I think it's fair to say that 2020 has been a bad year for dividends. Due to the pandemic, a large number of popular dividend shares have had to defer or cancel their dividends.
While this is disappointing, I'm confident that most dividend payments will resume again next year. In light of this, now could be a good time to look at the dividend shares to own in 2021 and beyond.
Here are two dividend shares I think should be considered:
Stockland Corporation Ltd (ASX: SGP)
Stockland is a property company which owns, manages and develops a diverse range of property assets. These include retirement villages, retail centres, business parks, offices, and logistics centres. Its shares have been hit very hard during the pandemic and are now down almost 50% from their 52-week high. I think this has left them trading at bargain prices for income investors. I'm not the only one that thinks this.

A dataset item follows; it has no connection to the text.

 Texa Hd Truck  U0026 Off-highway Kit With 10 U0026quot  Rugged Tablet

A recent note out of Goldman Sachs reveals that it has a buy rating and $4.43 price target on Stockland's shares. It has been running the rule over the company and expects it to pay a distribution of ~26 cents per share in FY 2021. This equates to a whopping 9.2% distribution yield.
Sydney Airport Holdings Pty Ltd (ASX: SYD)

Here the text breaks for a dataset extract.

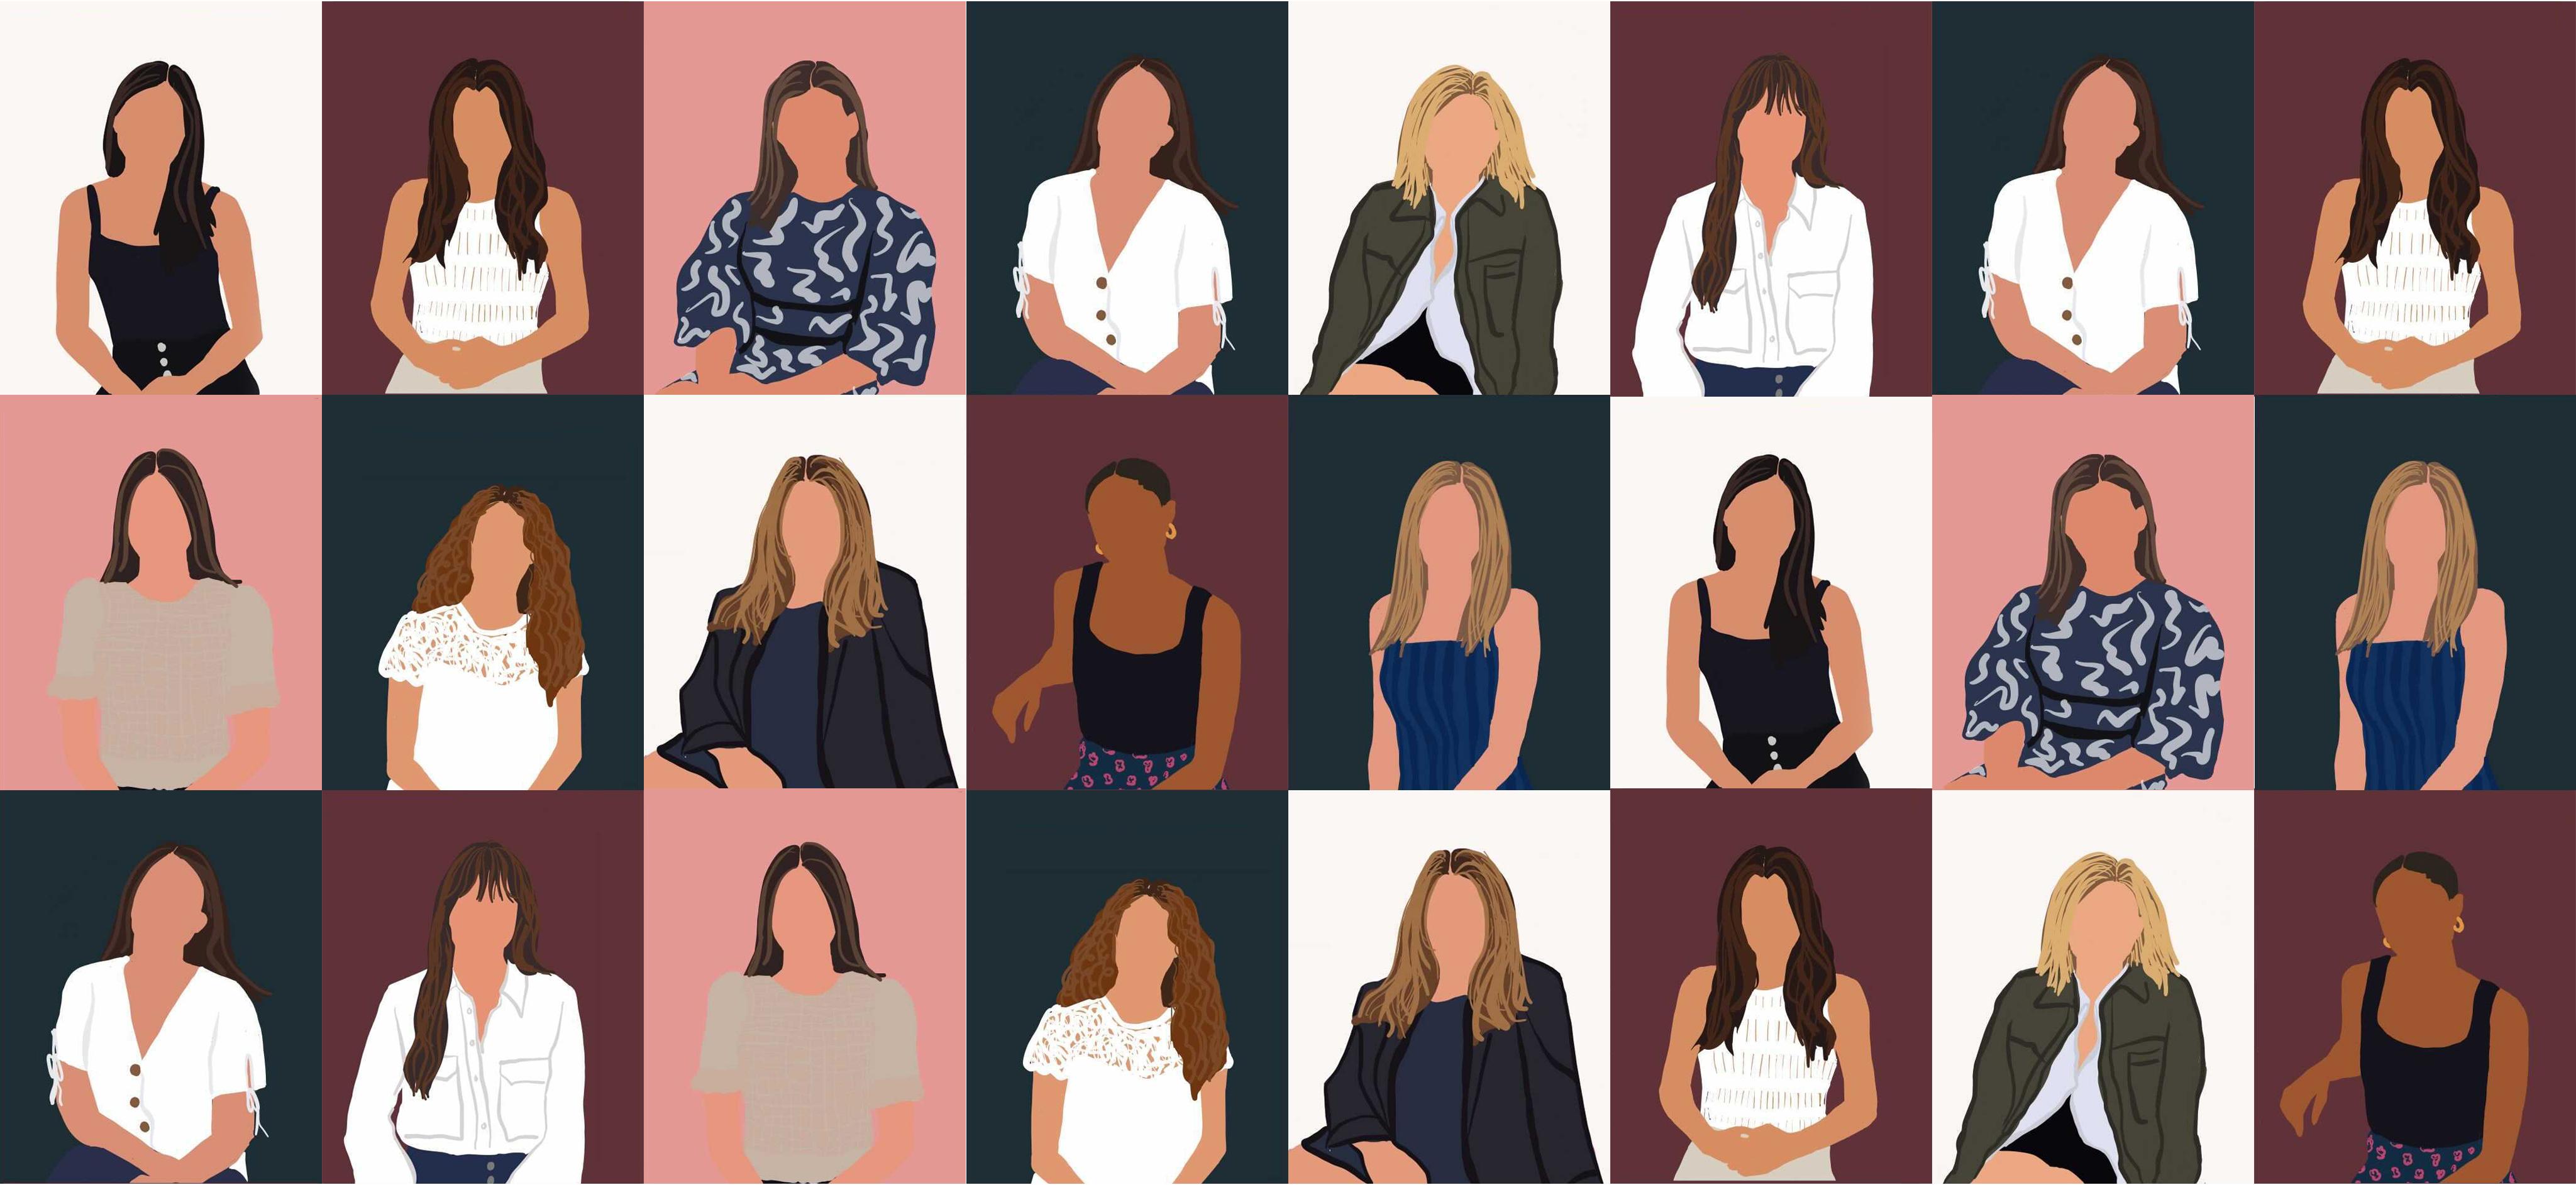 Rebecca Abigail team illustration

The Sydney Airport share price is down 41% from its 52-week high. Investors have of course been selling the airport operator's shares after travel restrictions left its runways and terminals virtually empty. The good news is that Australia is now reopening and over the coming months Sydney Airport will start to see a recovery in domestic passenger numbers. While a full domestic recovery will take time and international tourism will take even longer, the company looks well-placed to pay a dividend in FY 2021.
Another recent note out of Goldman Sachs reveals that it expects Sydney Airport to pay a 29 cents per share dividend in FY 2021 and then a 37 cents per share dividend in FY 2022. If this proves accurate, it means that the company's shares offer 5.3% and 6.7% yields, respectively, over the next couple of years. I think this is achievable and makes it well worth being patient with its shares.